La nature n'a pas de moralité, je ne suis pas le premier à constater ce fait. La conscience du monde, ses scrupules, ses pudeurs, me paraissent une chose vraiment comique. La vertu de tous n'est qu'une apparence; surgisse le besoin d'amour, le vertige des sens les possède et les voilà, ces pudiques mondains, aveugles sur eux-mêmes avec autant d'intensité qu'ils ont été clairvoyants sur les autres.

Et puis, qu'importe tout cela? Ah! Denise, combien nerveusement je vous désire et je vous aime!

XLX
Denise à Philippe.

13 août.

Votre insistance commence à froisser mon cœur. Je suis évidemment très arriérée et de celles à qui il faudrait un peu plus d'emballement pour franchir ce terrible pas, imperceptible ligne qui sépare la pureté morale d'une vie, du banal adultère; cette ligne, pourtant, creuse un abîme entre l'honnête femme et vos modernes Manons. Ma force philosophique ne me permet pas de sauter à pieds joints d'un bord à l'autre. Ne m'en veuillez pas d'avoir le vertige; c'est une défaillance physique, je ne saurais la vaincre.

Je ne veux pas vous dire: vous ne m'aimez pas. Vous discuteriez ce point et j'ai grand'peur de la savante casuistique qui vous ferait conclure: «Donc, je vous aime!»

Mais puisque vous raisonnez si bien, vous qui aimez, laissez-moi vous exposer mon infime théologie morale, moi que la méprisable raison guide encore.

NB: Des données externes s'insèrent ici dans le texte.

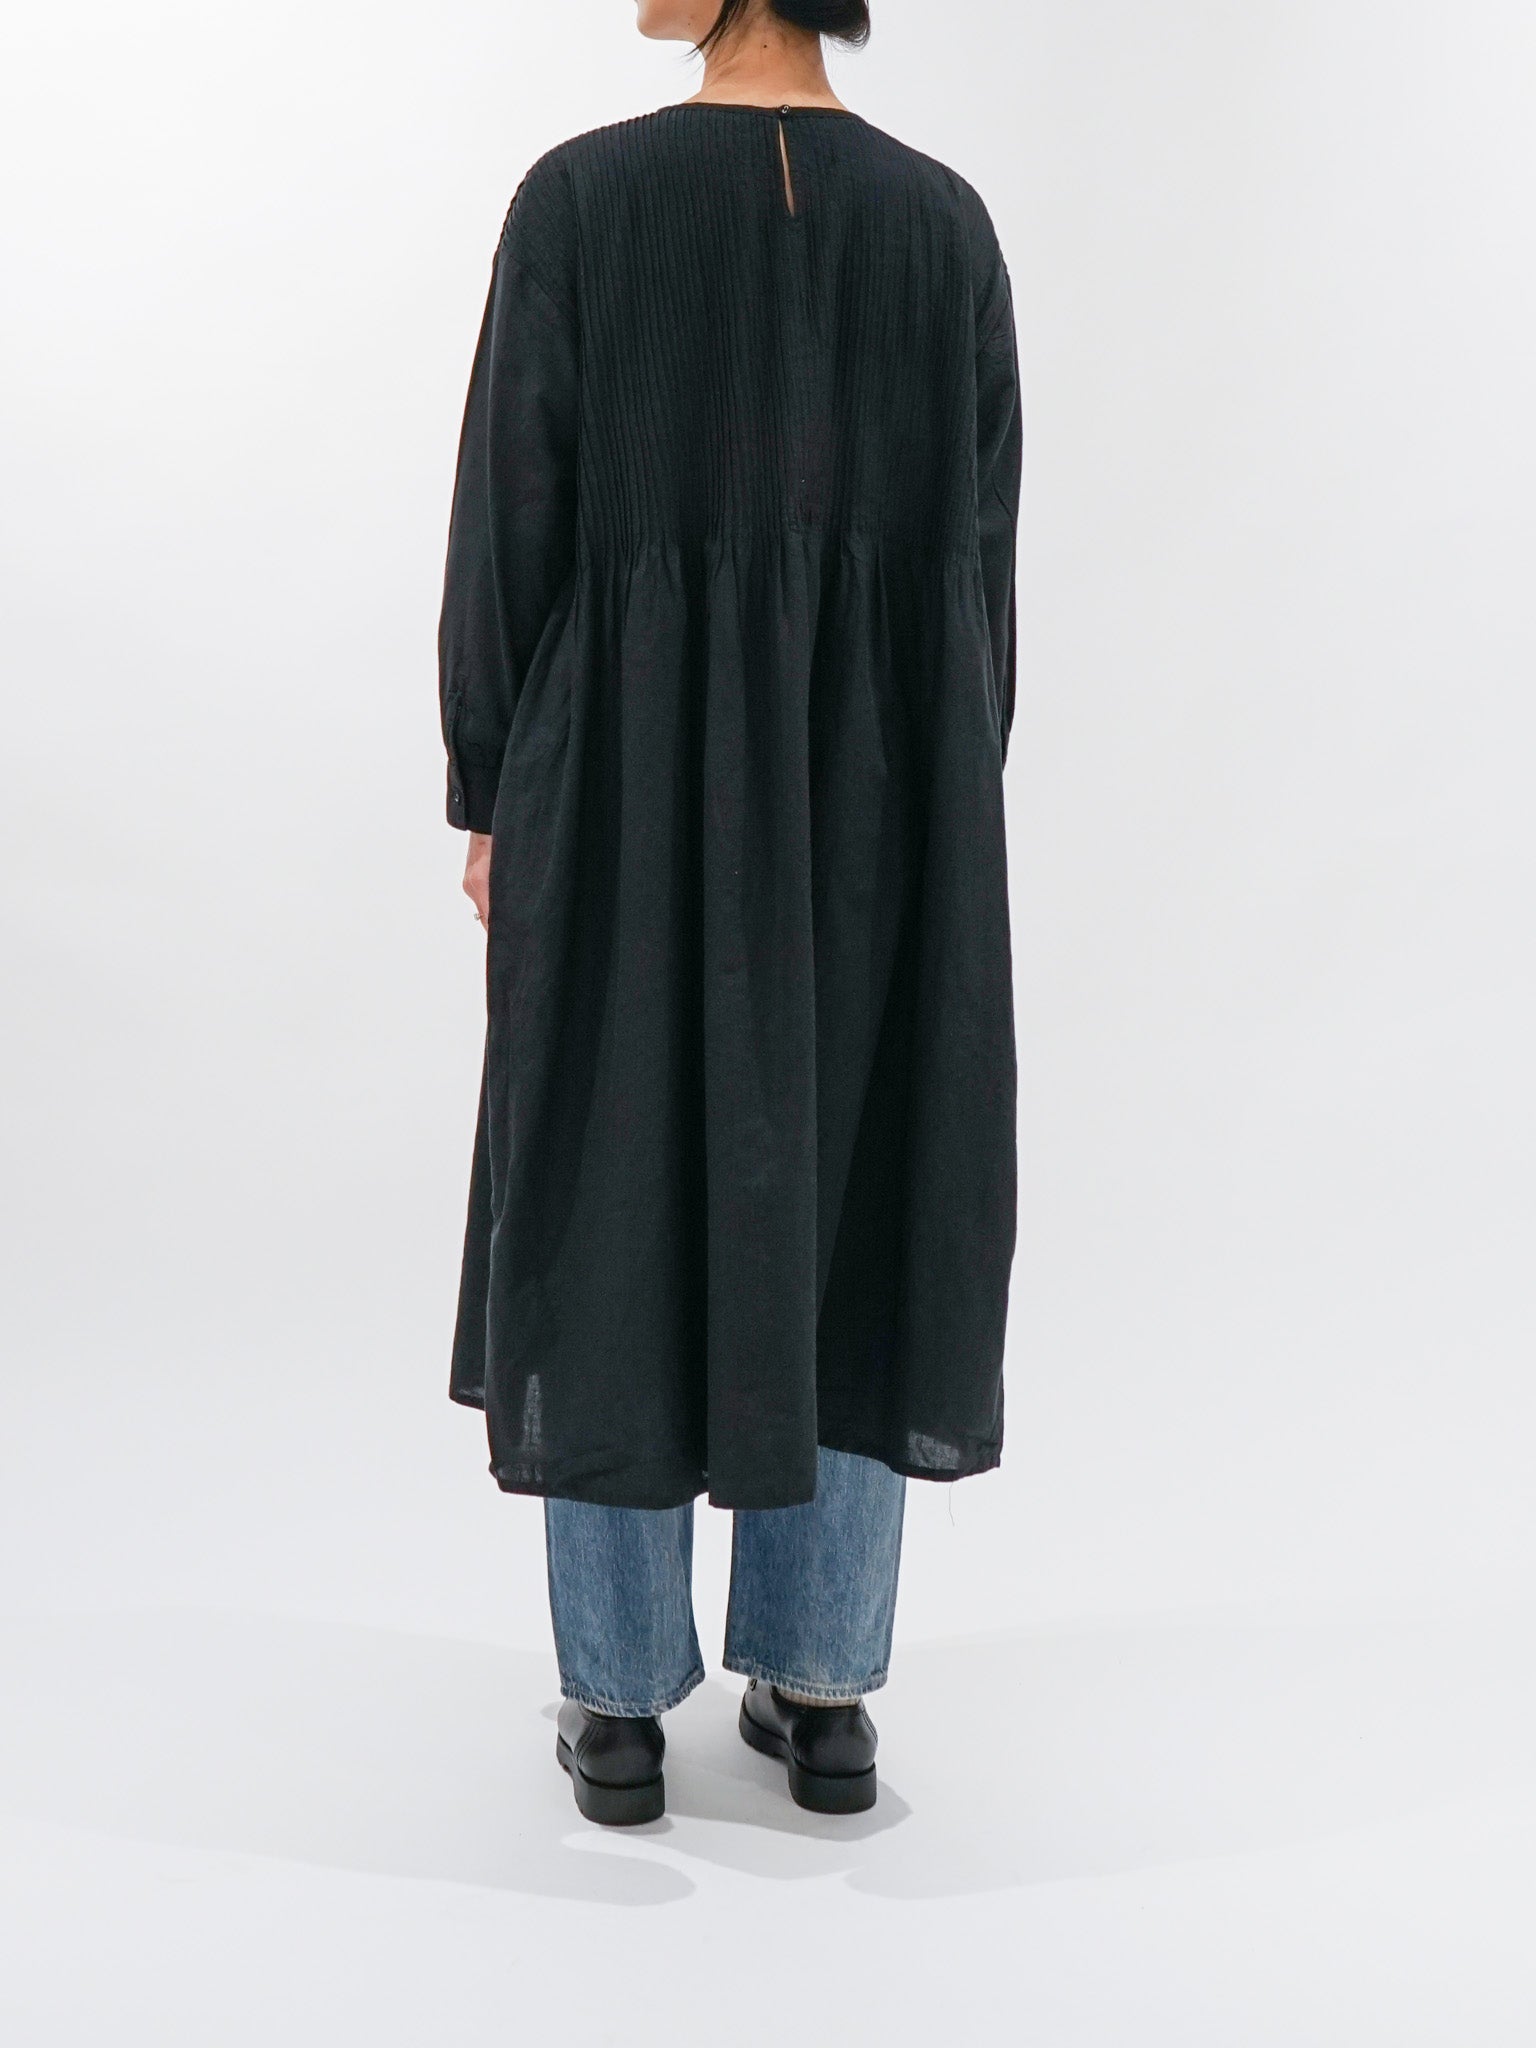 Namu Shop - ICHI Pintuck Dress - Black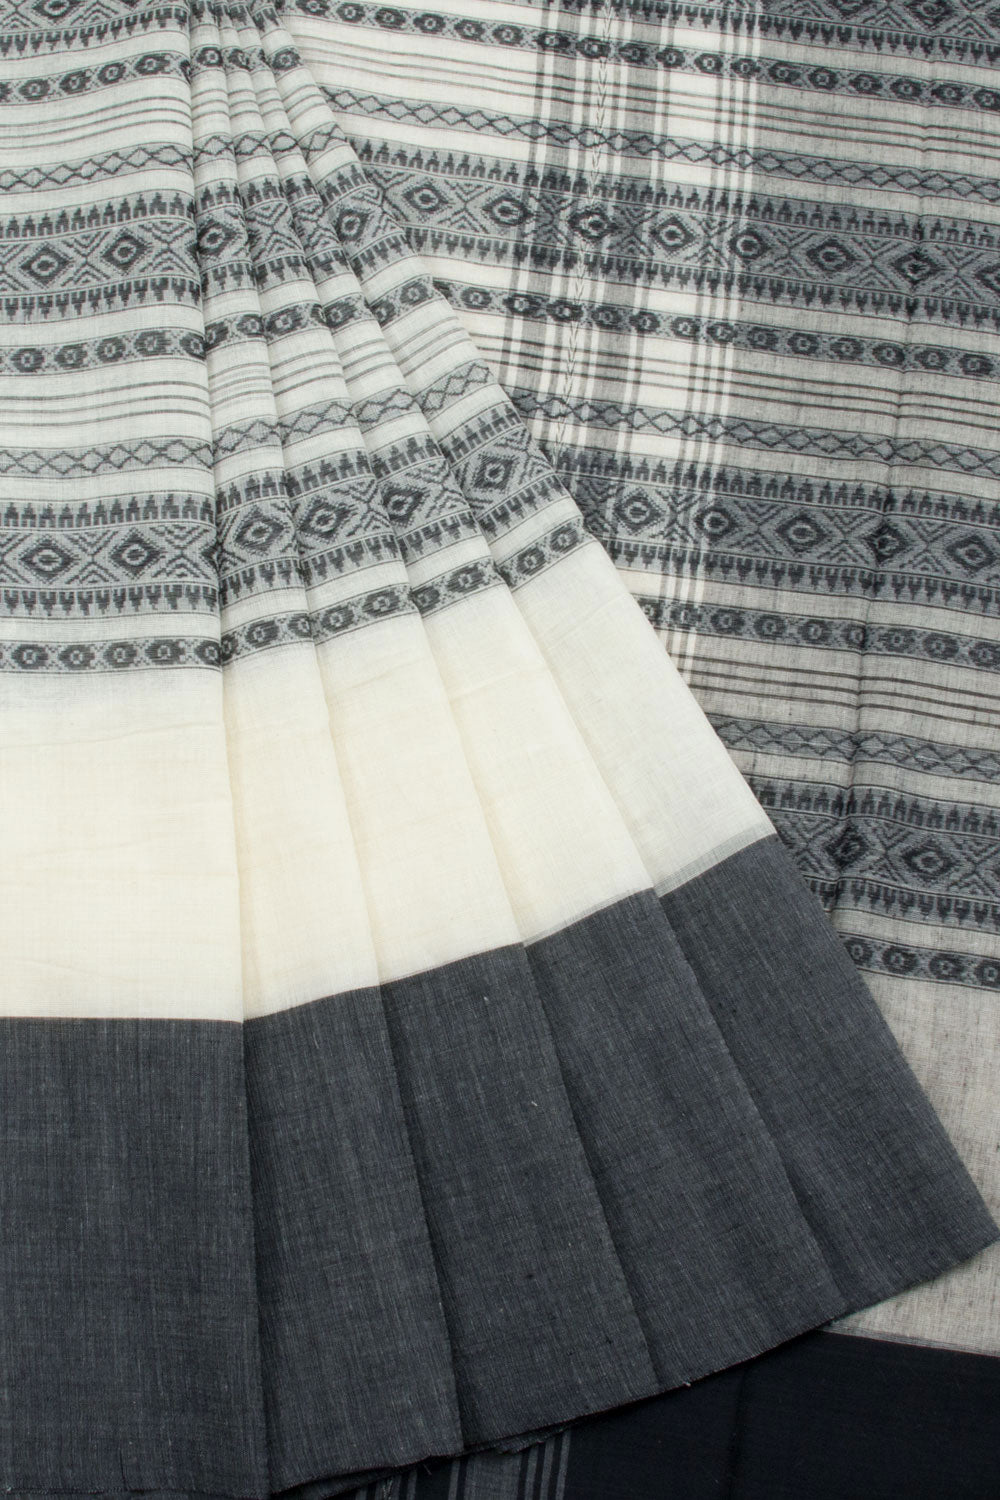 Black & White Handloom Dhaniakhali Cotton Saree 10062592

Ce qui vous a plu en moi, ce par quoi vous avez été touché, mon ami, c'est—n'allez pas être blessé—non pas mes qualités ni mes défauts, mais la séduction avec laquelle vous m'avez amicalement conquise. J'ai su, avec à propos, vous refléter à vous-même, et, finement, vous faire accepter la louange et l'intérêt qu'un esprit complexe, une nature à facettes comme la vôtre, ne peuvent manquer d'inspirer. J'ai su vous parler de vous et vous faire jouir très doucement des jolies découvertes que je faisais d'un Vous ignoré de la foule. J'ai été l'utile tremplin nécessaire à votre esprit; je vous ai distrait, je vous ai amusé, puis, intéressé; je vous ai donné la délicate sensation d'être compris, amortissant tout angle dans cette amitié, lui donnant un enthousiasme presque passionnel. J'avais pour but de vous sortir de cette langueur où vous vous plaisez; j'espérais vous faire désirer, puis trouver une carrière pouvant fournir pâture intéressante à une âme en souffrance comme l'est la vôtre. Vous avez eu, par moi, un sentiment très vif de bonheur, et ce grand mouvement envahissant subitement votre cœur pourrait bien n'être qu'un peu de reconnaissance.

Oui, vous êtes bon, généreux, séduisant. Vous donnez à certains jours des joies d'une suavité inénarrable. Votre grande intelligence embrasse et étreint tout. Rarement j'ai entendu parler avec autant de clarté, de profondeur, de délicatesse et de sens sur les choses d'art. Un flot d'idées lumineuses sort parfois de vous en grande tempête; elles fécondent les intelligences. Tous mes amis artistes vous aiment, réclament votre présence, vous écoutent et croient en vous à cause de cette puissance génératrice que vous déversez à pleins bords et qui, tombant sur leurs cerveaux bien préparés et entraînés pour produire, les féconde. Par une ironie du sort, vous seul ne pouvez profiter de ce vous puissant. Par une grâce du ciel, moi seule vous l'ai fait découvrir, et j'avais bien compté sur cela pour réaliser ce mythe exquis: une amitié chère entre un homme et une femme.

Votre scepticisme, votre dédain des autres femmes, me rendaient si fière de vous avoir ainsi conquis.